[Llvm-bgq-discuss] more issues from trying bgclang with GROMACS

Mark Abraham mark.abraham at scilifelab.se
Fri Feb 7 12:35:26 CST 2014


On Fri, Feb 7, 2014 at 3:44 PM, Hal Finkel <hfinkel at anl.gov> wrote:

> ----- Original Message -----
> > From: "Mark Abraham" <mark.abraham at scilifelab.se>
> > Cc: llvm-bgq-discuss at lists.alcf.anl.gov
> > Sent: Friday, February 7, 2014 8:29:18 AM
> > Subject: Re: [Llvm-bgq-discuss] more issues from trying bgclang with
> GROMACS
> >
> >
> >
> >
> >
> > Hi Hal,
> >
> > AFAICS not the problem, but it's hard for a mere user to find this
> > kind of stuff out:
> >
> > [juqueen3 ~ (juq-homedir)] $ ls /bgsys/drivers/
> > ppcfloor toolchain V1R2M0 V1R2M1
>
> Yep; that seems good. FYI, if you run ls -l /bgsys/drivers you can see to
> which driver ppcfloor is symlinked, and that will give you the answer.
>

Ja V1R2M1.


> >
> > Jeff helpfully tried to sort me out with an ALCF account last year,
> > but the cryptocard they shipped never worked with the PIN they sent
> > with it, and the helpdesk insisted on me calling from Sweden to get
> > any help at all, so I gave up. :-( That was about the time Congress
> > decided to act more like children than usual, so maybe things were
> > messier than usual! :-)
>
> That's odd.
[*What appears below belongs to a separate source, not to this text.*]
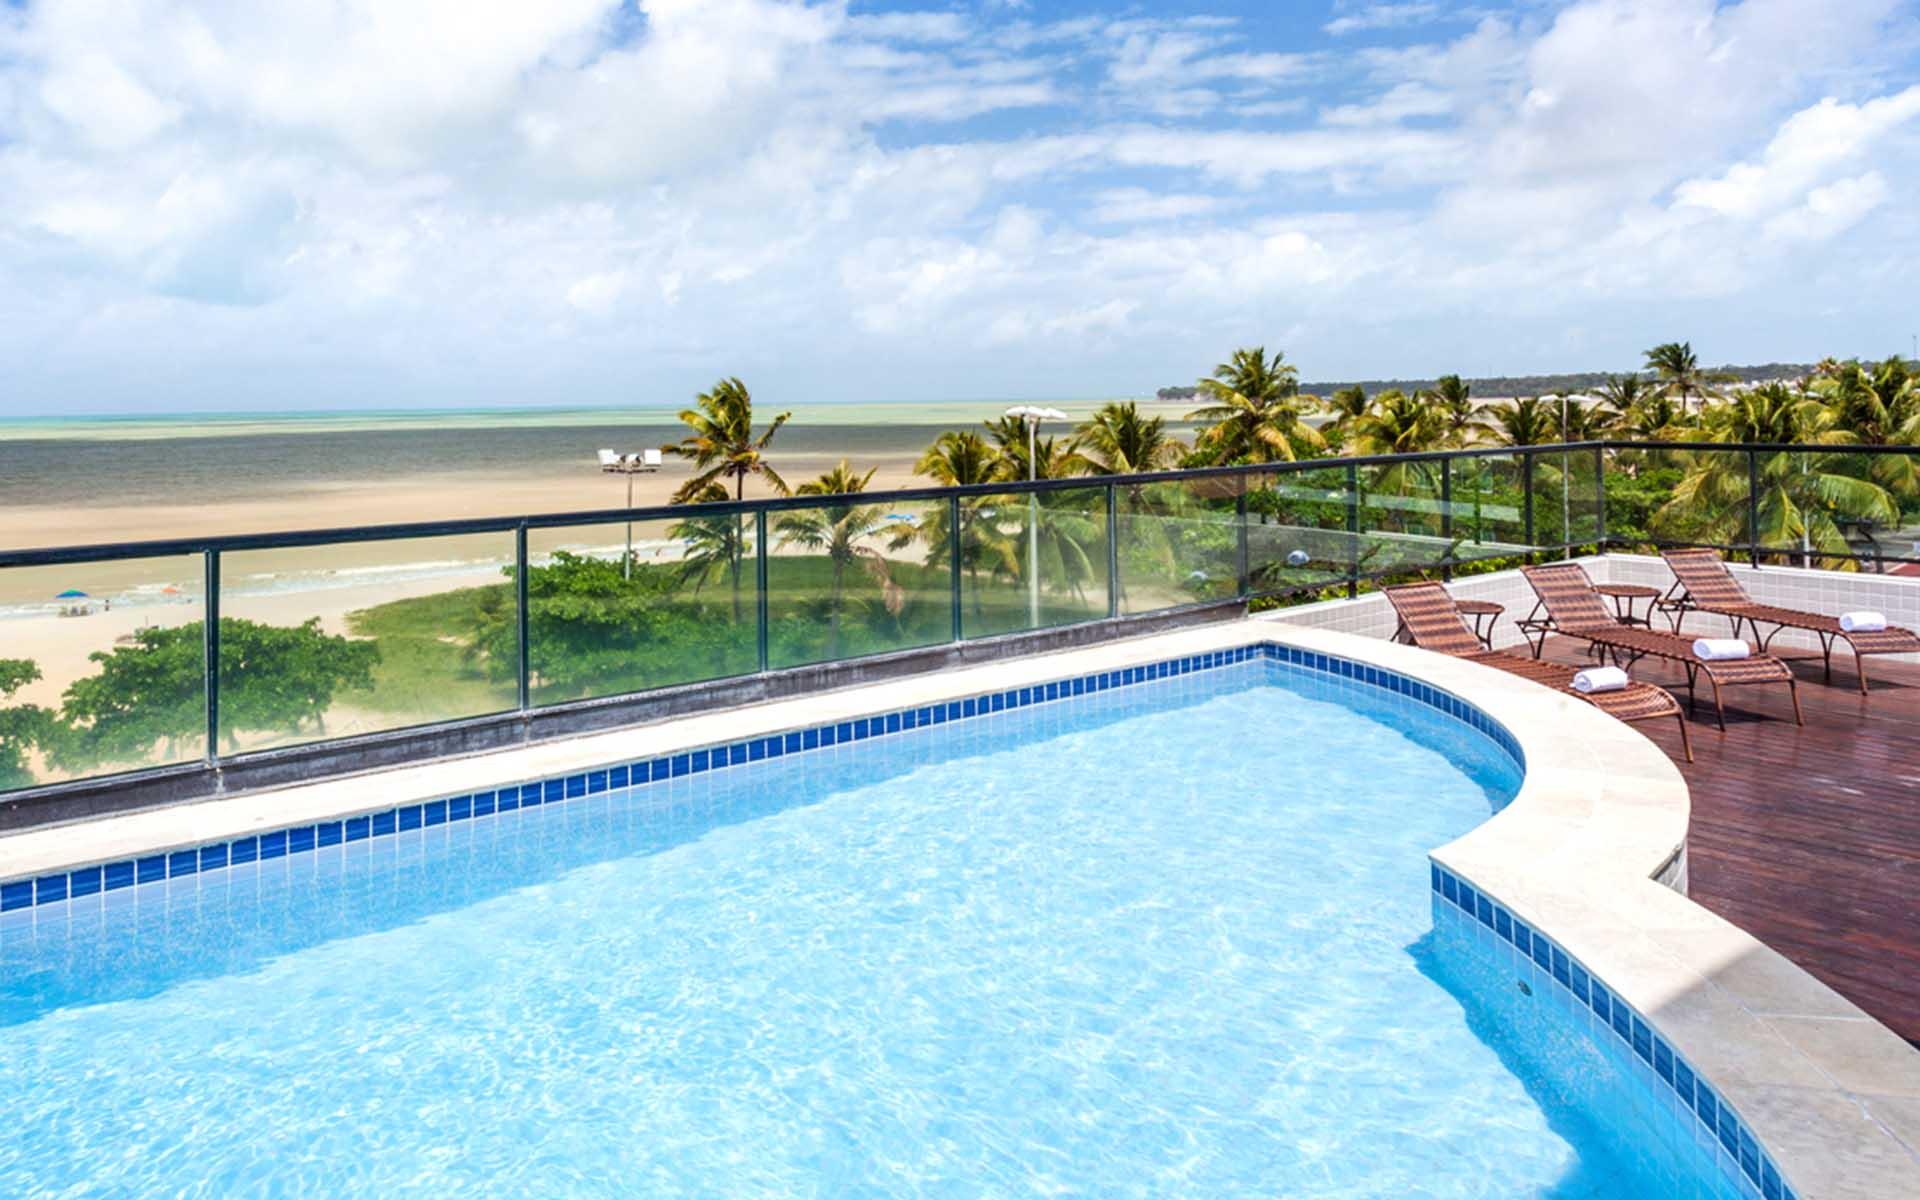 piscina_hotel_joao_pessoa_hplus_beach (1)

They should be able to authenticate your identity by some
> mechanism other than using caller-id. :( -- When you have a chance please,
> try again; if they still won't help you, I'll raise the issue internally.
>

OK.

On the bgclang issue, if you can reasonably provide instructions on how to
> repeat a test showing this issue, I can try it on my end as well. More
> likely than not, if there is a correctness issue to debug, I'd need to do
> that at some point anyway.
>

I haven't pinpointed where the problem arises this time, but last time it
was with an omp parallel do over threads executing the innermost kernels
for MD nonbonded interactions.

I've looked into how simple I can make reproducing the OpenMP crash, and it
is ugly. The OpenMP debug build (-g) runs OK, with plain C and QPX-specific
kernels. The OpenMP release build (-O3) runs OK with plain C, but gives
junk results with QPX somewhere leading to a subsequent segfault. So the
core file stack trace is not useful.

Altogether, that is a good suggestion that problems start to occur with the
same omp parallel do, and that it is at least somewhat specific to bgclang.
It might be possible to do some dirty comparison of the resulting energy
and force at -O3 -g between the C and QPX versions. My guess is that the
problem will be visible by the end of the very first inner loop, which
should be binary reproducible between the two versions. If not, then the
problem is probably when the subsequent reduction from the thread-local
force buffers occurs. I just don't have the time to try that and be on the
wrong track, sit waiting trying to reproduce two parallel debugging
sessions, lead to no conclusion, we don't actually need bgclang to work
because xlc does, etc. Happy to advise if there's something you can
identify, though. Can tarball you code + build instructions + single input
file off list if you'd like to try.

Both plain C and QPX kernels are a horrible mess of nested file #inclusion
and subsequent #ifdefs, because we have about 70 different kernels per SIMD
flavour (and growing). (We're working on a python generator instead, but
that's not here yet.) I'll preprocess them by hand into correct single
files if you want.

The other correctness issue could be anywhere - unfortunately basically all
of our tests are end-to-end, so when a bunch of them fail you have to work
out the theme(s). I'll have to do that and that probably won't be soon!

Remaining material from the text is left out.